Oxidative burst is one of the early events that generally assumed to be involved in the regulation of induced plant immune responses (Aziz et al., 2004; Torres, 2010; Zipfel and Robatzek, 2010). Here, grapevine cell suspensions were inoculated with S. anulatus S37 and/or B. cinerea, and the released H2O2 was quantified. As shown in Figure 1B, grapevine cells responded to S37 and B. cinerea with transient and similar release of H2O2. For both, the oxidative burst was detected approximately after 10 min and peaked 45 min after the inoculation.
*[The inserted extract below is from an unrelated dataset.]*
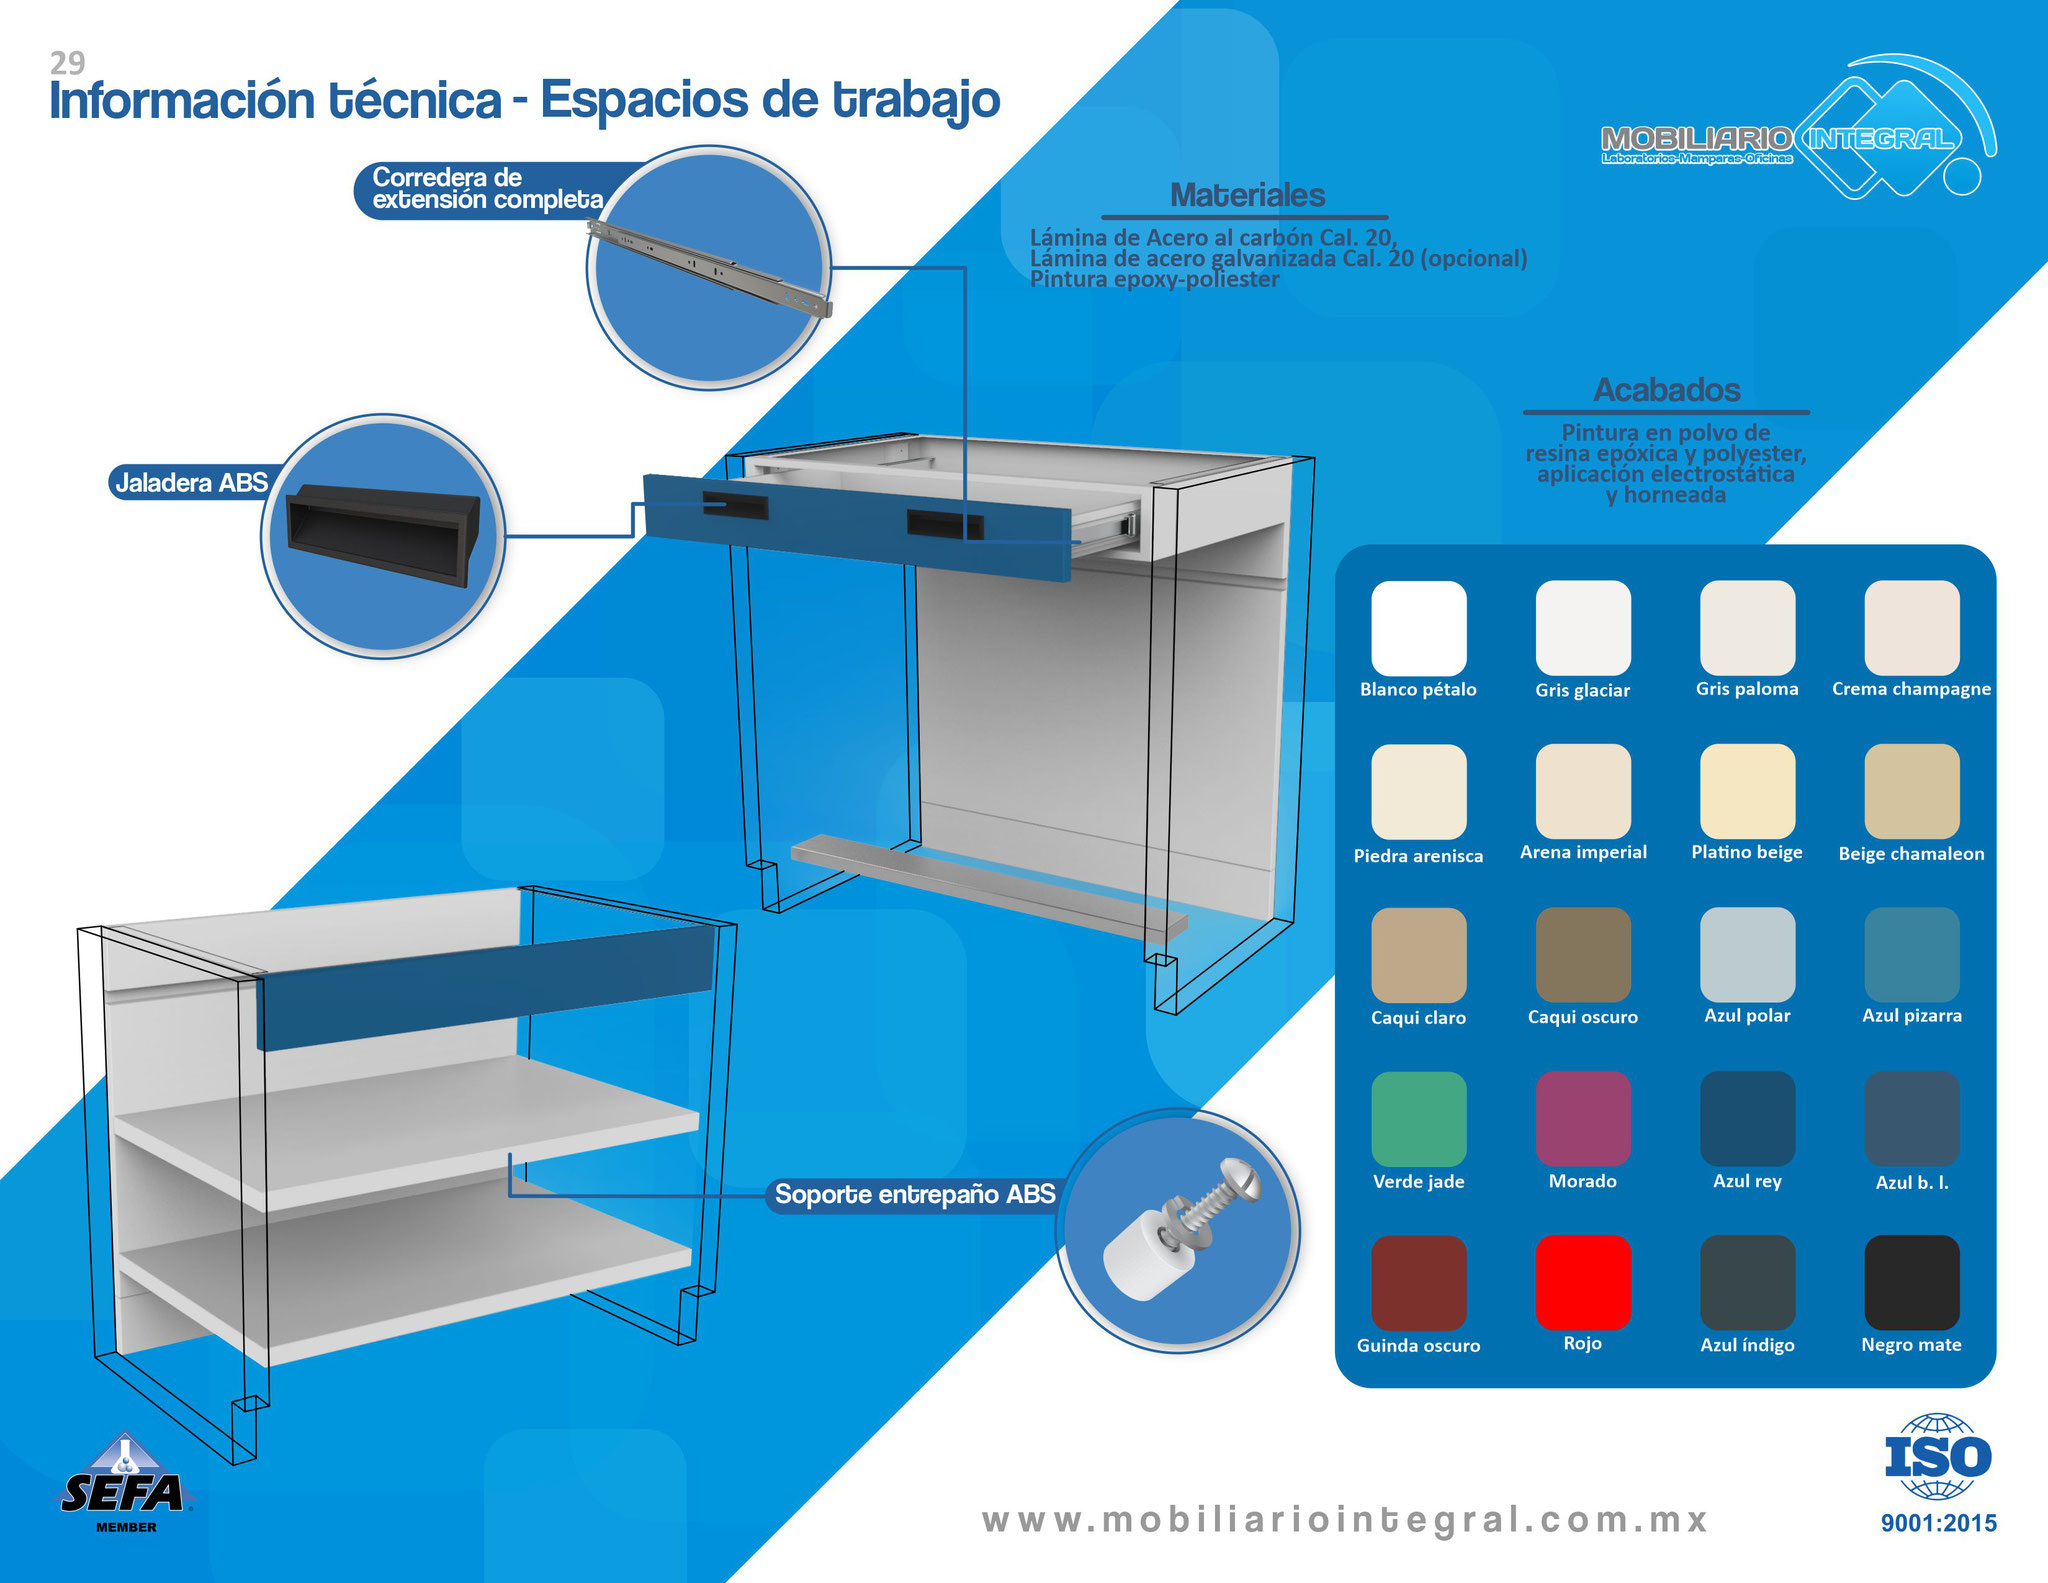 Espacios de trabajo para laboratorio

Thereafter, the H2O2 concentration in the medium declined. When grapevine cells were inoculated with S37 + B. cinerea, a high burst of H2O2 was observed, which was almost seven-fold superior at 20 min as compared to S37 or B. cinerea separately. Thus, we might assume that S37 primes the oxidative burst in grapevine in the presence of B. cinerea.

Activation of MAP Kinases

A rapid activation of MAP kinases has been shown in different plant systems to mediate elicitor-induced defense responses (Gomez-Gomez and Boller, 2002; Zhang et al., 1998). The treatment of grapevine cells with S. anulatus S37, B. cinerea, and S37 + B. cinerea activated rapidly and transiently both 45 and 49 kD MAP kinases (Figure 1C). This activation was detected as soon as 15 min (Figure 1C), maintained at a high level for 30 min and reached the basal level around 60 min (data not shown).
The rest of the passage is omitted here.